Он делает первые шаги навстречу рабочему движению. Его еще не наторевший глаз сливает в одно явление фенианизм, то есть борьбу ирландских националистов, и I Интернационал, созданный Марксом, — «работничьи лиги», по терминологии Герцена, в одном месте или «социальные сходки» — в другом:

— Я больше верю, чем когда-нибудь, в успех именно этих социальных сходок.

Такие чувства, новые для него, вызвал у него Базельский конгресс I Интернационала.

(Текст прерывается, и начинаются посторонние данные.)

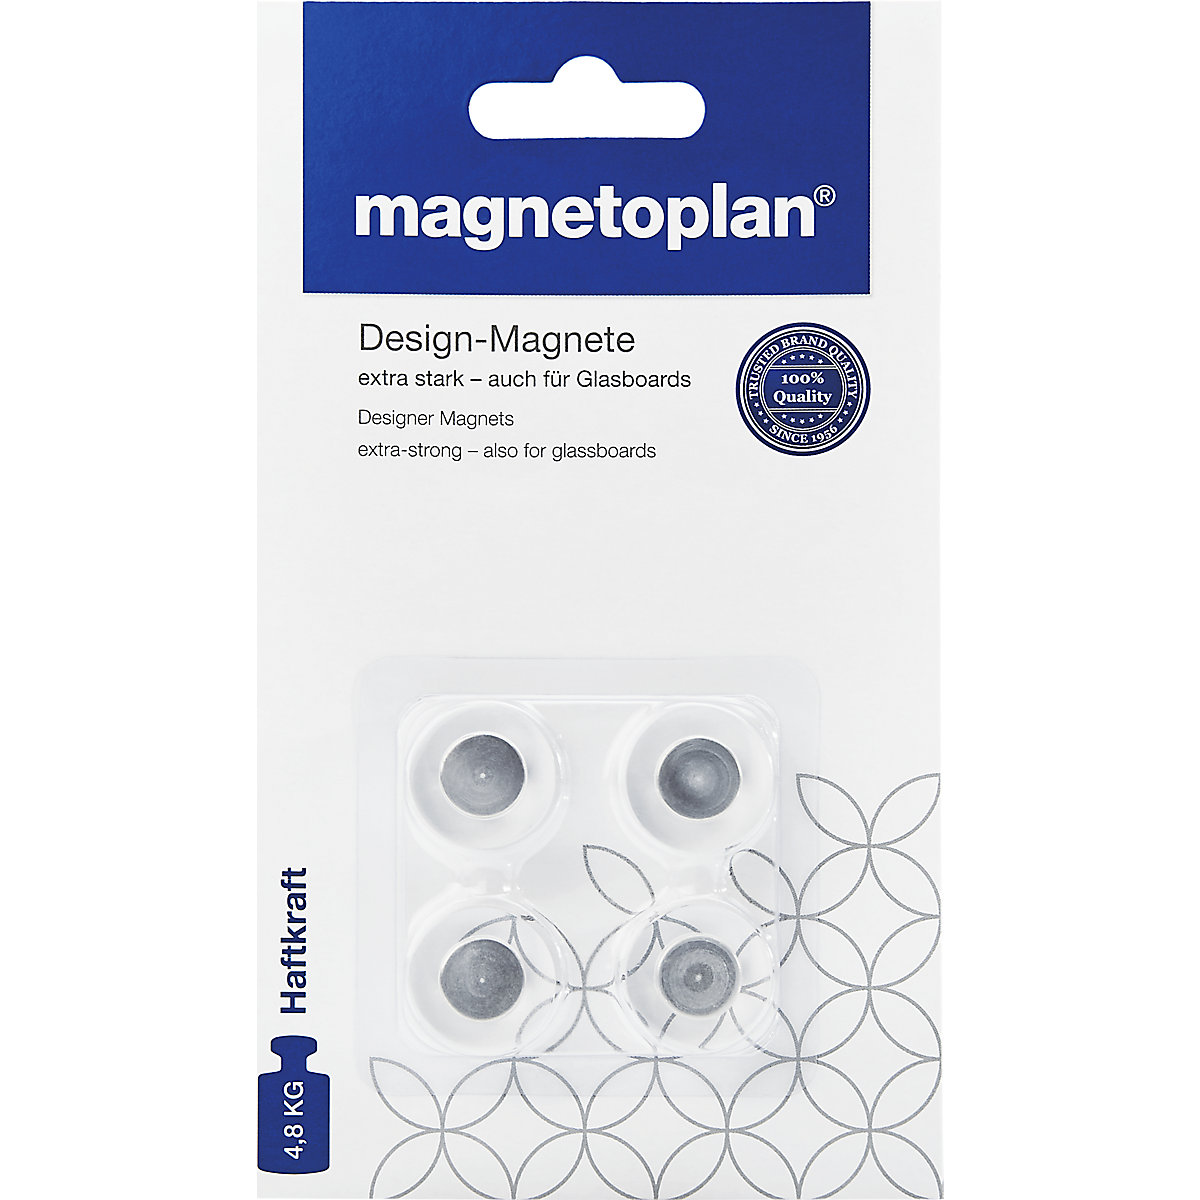 Lepo oblikovan magnet - magnetoplan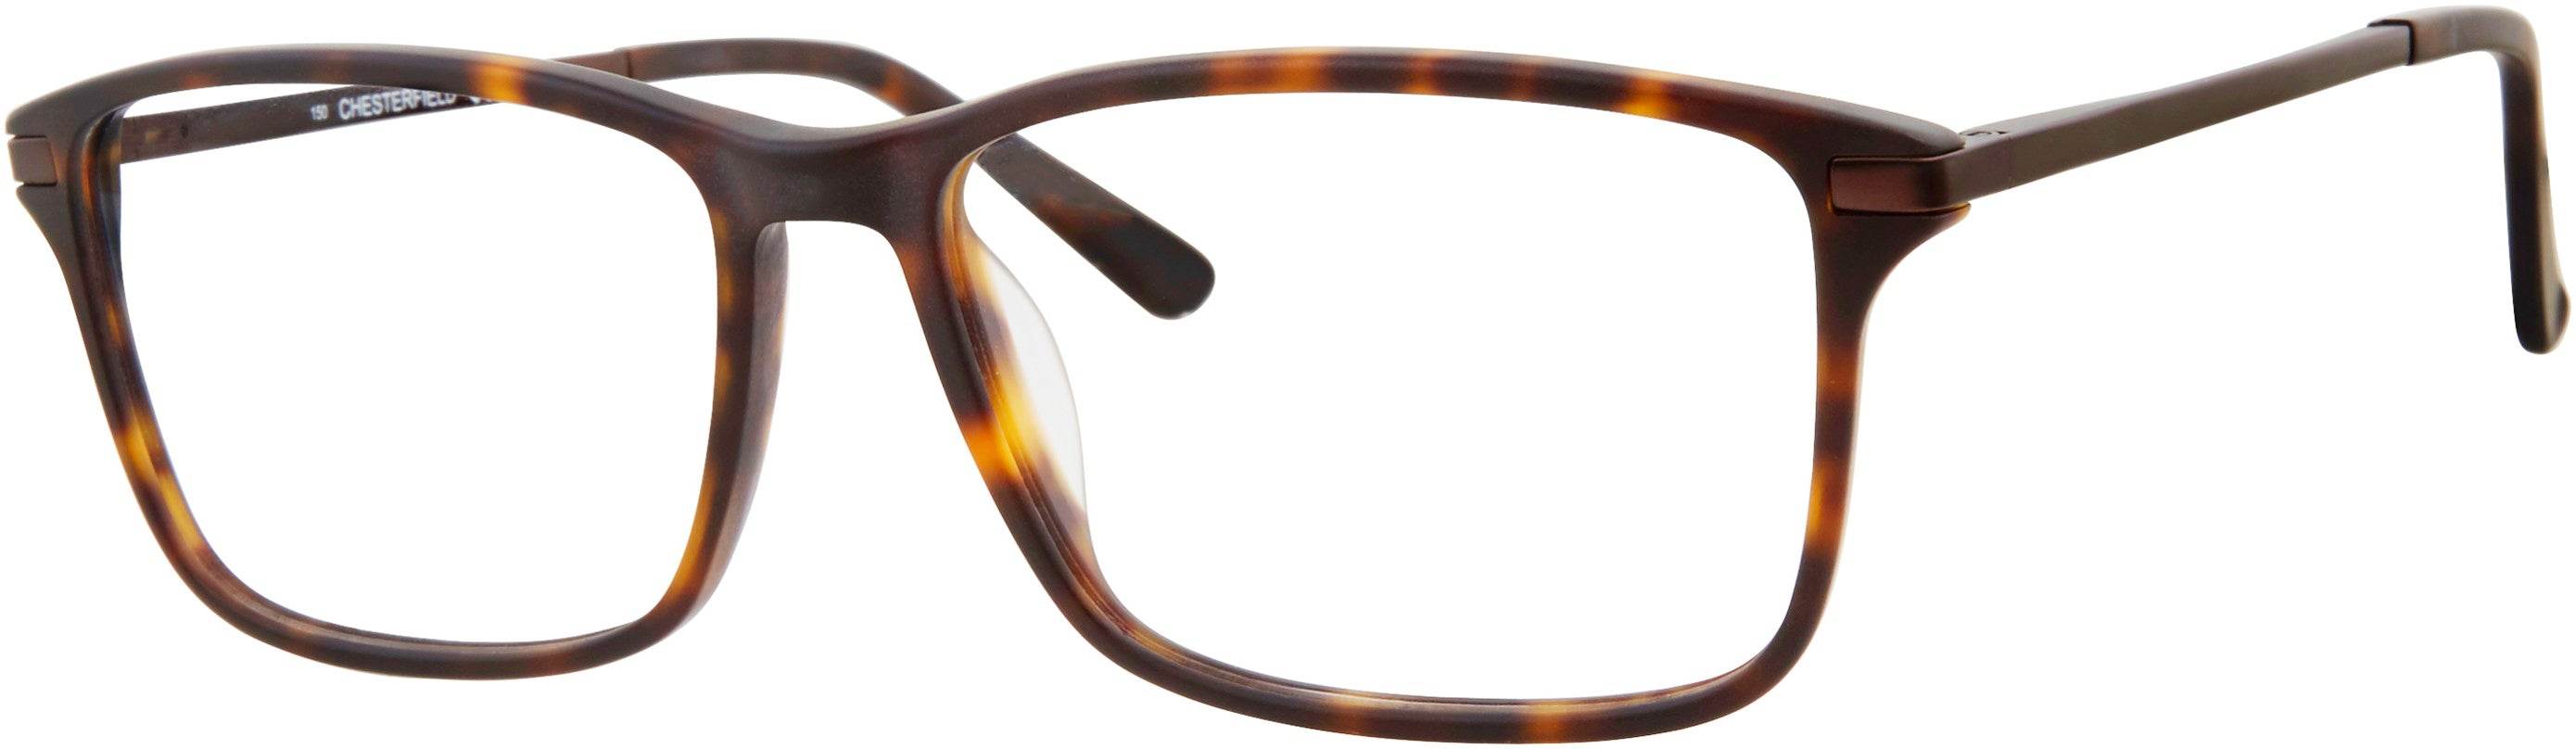  Chesterfield 64XL Rectangular Eyeglasses 0086-0086  Dark Havana (00 Demo Lens)

Между тем Огарев неудержимо «бакунизировался». Герцен отнюдь не был приверженцем единомыслия среди своих близких. Наоборот! Еще в молодости он заявил Натали: «Я ненавижу покорность в друзьях». Однако и разногласие имеет свои пределы. Герцен с грустью наблюдал, как старый друг его, который столько лет — да что там! — всю жизнь шел рука об руку с ним, все легче и восторженнее покоряется влиянию Бакунина. Отнюдь не снисходительно взирал Герцен на впадение Огарева в анархическую ересь. В письмах своих — он был тогда вне Швейцарии — сначала мягко, потом все резче Герцен силится образумить Огарева.

Иногда он делает это со слегка насмешливой укоризной:

— Настоящий ты мой Робеспьер — с одной стороны, грозный, с другой — и пасторальный, и сентиментальный…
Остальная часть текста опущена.